Another intimidation piece directed at journalists and researchers who write about dominionism, back in August. It’s in the Washington Post, which is a nice gig if you’re trying to intimidate people.
Here we go again. The Republican primaries are six months away, and already news stories are raising fears on the left about “crazy Christians.”
One piece connects Texas Gov. Rick Perry with a previously unknown Christian group called “The New Apostolic Reformation,” whose main objective is to “infiltrate government.” Another highlights whacko-sounding Christian influences on Rep. Michele Bachmann of Minnesota. A third cautions readers to be afraid, very afraid, of “dominionists.”
The stories raise real concerns about the world views of two prospective Republican nominees. But their echo-chamber effect reignites old anxieties among liberals about evangelical Christians. Some on the left seem suspicious that a firm belief in Jesus equals a desire to take over the world.
Maybe some on the left do, but the authors of the articles in question do not, so it’s bloody unfair to imply that they do. It’s an intimidation move.
This isn’t a defense of the religious beliefs of Bachmann or Perry, whatever they are. It’s a plea, given the acrimonious tone of our political discourse, for a certain amount of dispassionate care in the coverage of religion. Nearly 80 percent of Americans say they’re Christian. One-third of Americans call themselves “evangelical.” When millions of voters get lumped together and associated with the fringe views of a few, divisions will grow. Here, then, are some clarifying points.

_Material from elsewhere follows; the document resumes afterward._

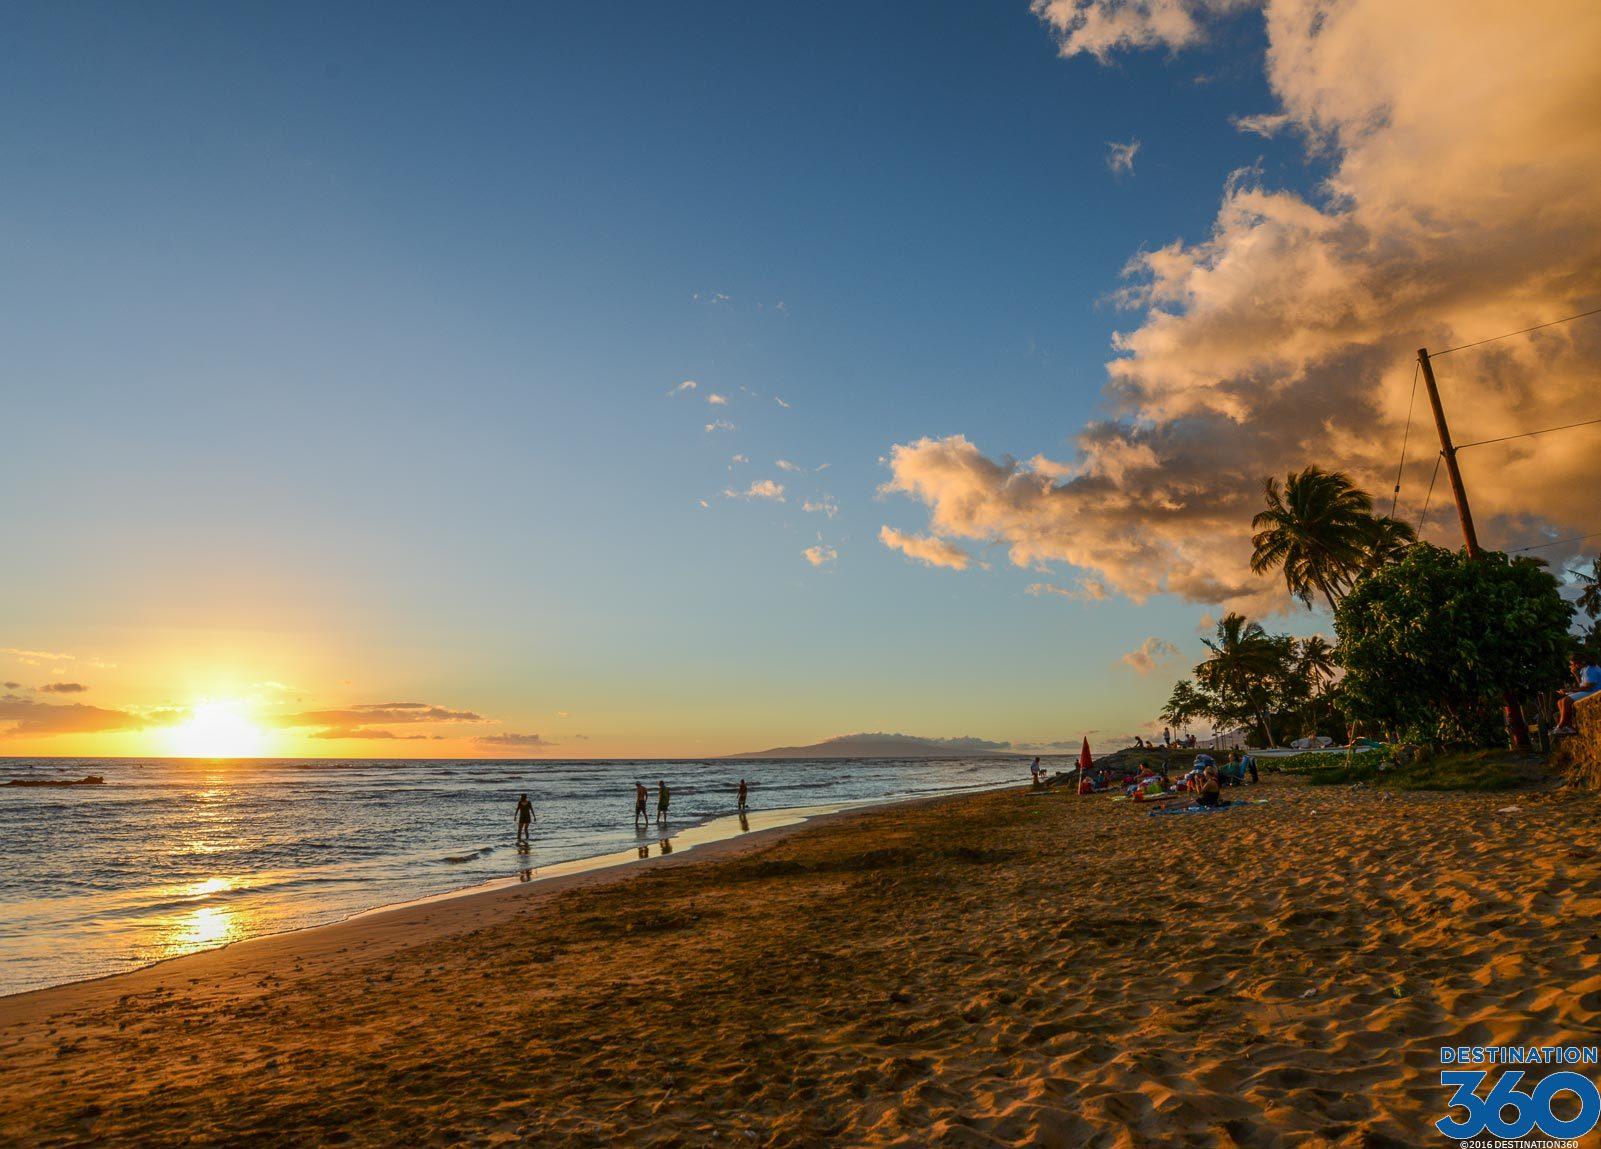 Drawn scenic beach Prettiest Scenic Pictures Most Beaches

But the writers in question took the requisite care. They didn’t lump all evangelicals with dominionists – on the contrary: they point out that to dominionists, plain old evangelicals are way too lukewarm. And dominionists, unfortunately, are not “a few.”

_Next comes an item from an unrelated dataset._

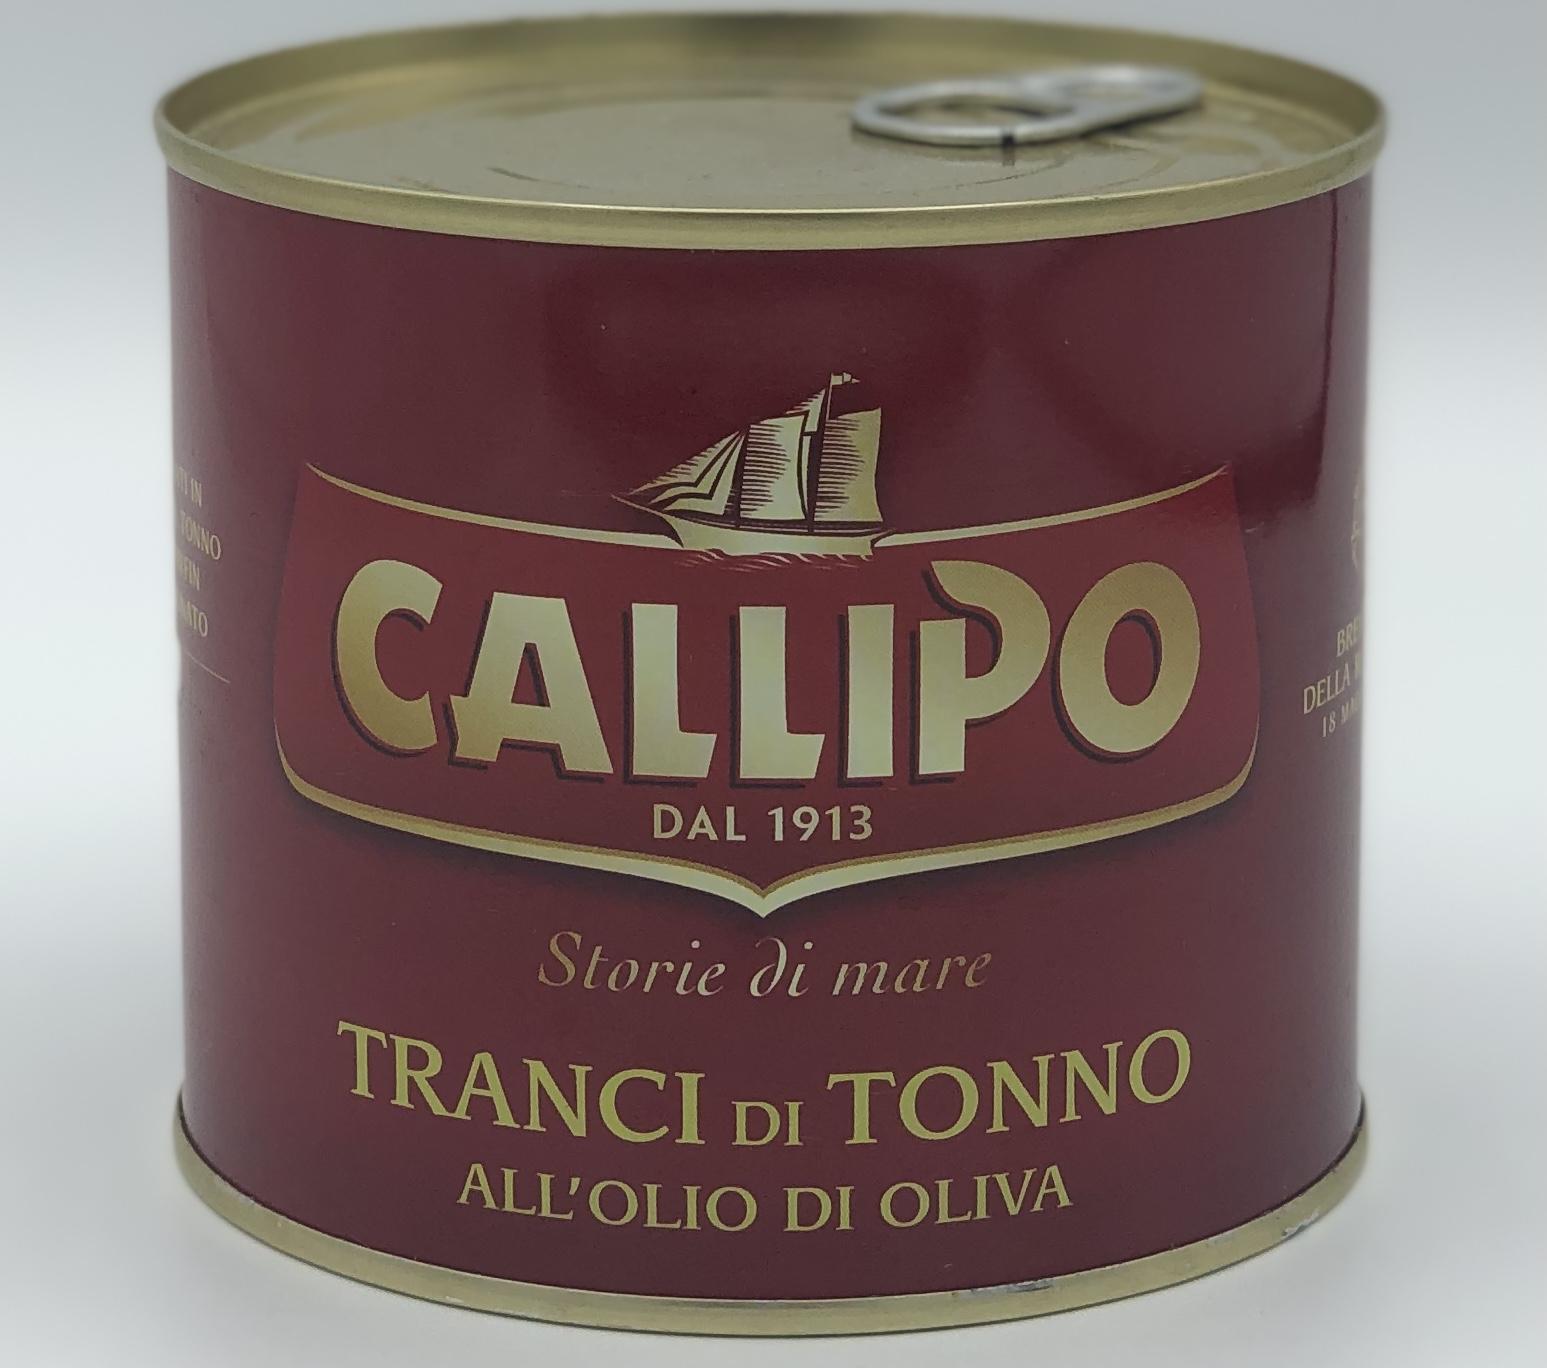 Callipo Tranci di Tonno in Olio di Oliva GR.620

Evangelicals generally do not want to take over the world. “Dominionism” is the paranoid mot du jour. In its broadest sense, the term describes a Christian’s obligation to be active in the world, including in politics and government. More narrowly, some view it as Christian nationalism. You could argue that the 19th- and early 20th-century reformers – abolitionists, suffragists and temperance activists, for example – were dominionists, says Molly Worthen, who teaches religious history at the University of Toronto.
Well you could, but equally you could argue that anti-abolitionists and anti-suffragists were dominionists. Just as not all evangelicals are dominionists, so not all 19th century Christians were abolitionists…to put it mildly; in fact abolitionists, Christian and otherwise, were a tiny minority, despised by almost everyone. It’s endlessly irritating the way contemporary Christians claim credit for abolitionism when it would make vastly more sense for them to admit blame for pro-slavery.
Extremist dominionists do exist, as theocrats who hope to transform our democracy into something that looks like ancient Israel, complete with stoning as punishment. But “it’s a pretty small world,” says Worthen, who studies these groups.
Mark DeMoss, whose Atlanta-based public relations firm represents several Christian groups, put it this way: “You would be hard-pressed to find one in 1,000 Christians in America who could even wager a guess at what dominionism is.”
Seriously?! She quotes a PR guy on the subject as if his views were disinterested scholarship?
Washington Post, where are your editors?